Question

a particle travels half of the distance of a straight journey with speed 6m/s .the remaining part of distance is covered with speed 2m/s for half of the time of remaining journey and with speed 4m/s for the other half of time .the average speed of the particle is ??????????

Accepted Answer

A particle travels half of the distance of a straight journey with speed $6\mathrm{m/s}$ . the remaining part of distance is covered with speed $2\mathrm{m/s}$ for half of the time of remaining journey and with speed $4\mathrm{m/s}$ for the other half of time. the average speed of the particle is

Solution

Let the total distance be d.

In the first part of journey particle travels distance $\frac{d}{2}$ with speed $6\mathrm{m/s}$ , so corresponding time:

t_1 = \frac{d}{\frac{2}{6}} = \frac{d}{12}s.
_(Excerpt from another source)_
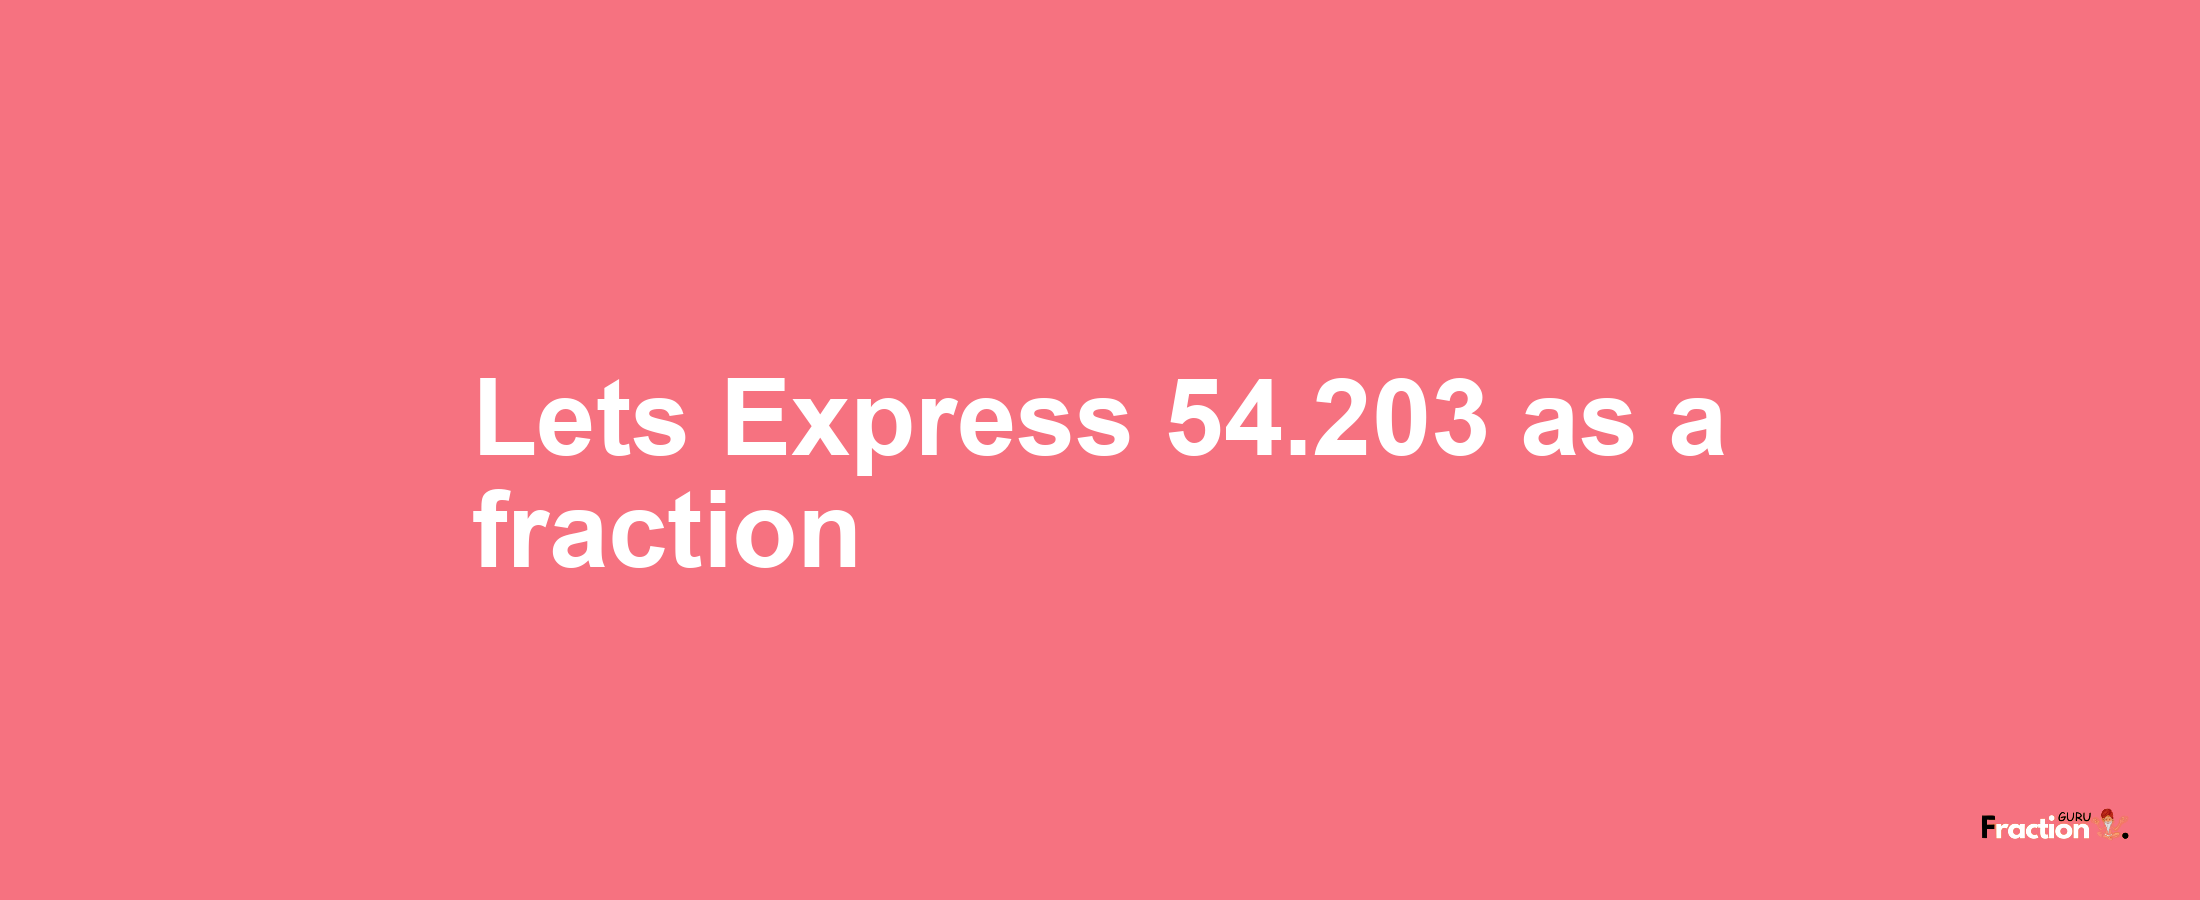 Lets Express 54.203 as afraction

The times of second and third parts of journey are equal $t_2 = t_3$ . The sum of distances of these parts are $\frac{d}{2}$ . Let the distance of second part of journey be $x$ . Then

t_2 = t_3 \rightarrow \frac{x}{2} = \frac{\frac{d}{2} - x}{4} \rightarrow x = \frac{d}{6}m,

t_2 = \frac{d}{\frac{6}{2}} = \frac{d}{12} = t_3.

Total time of journey:

T = t_1 + t_2 + t_3 = 3\frac{d}{12} = \frac{d}{4}s

Average Speed:

V = \frac{d}{T} = 4\frac{m}{s}.

Answer: $4\frac{m}{s}$ .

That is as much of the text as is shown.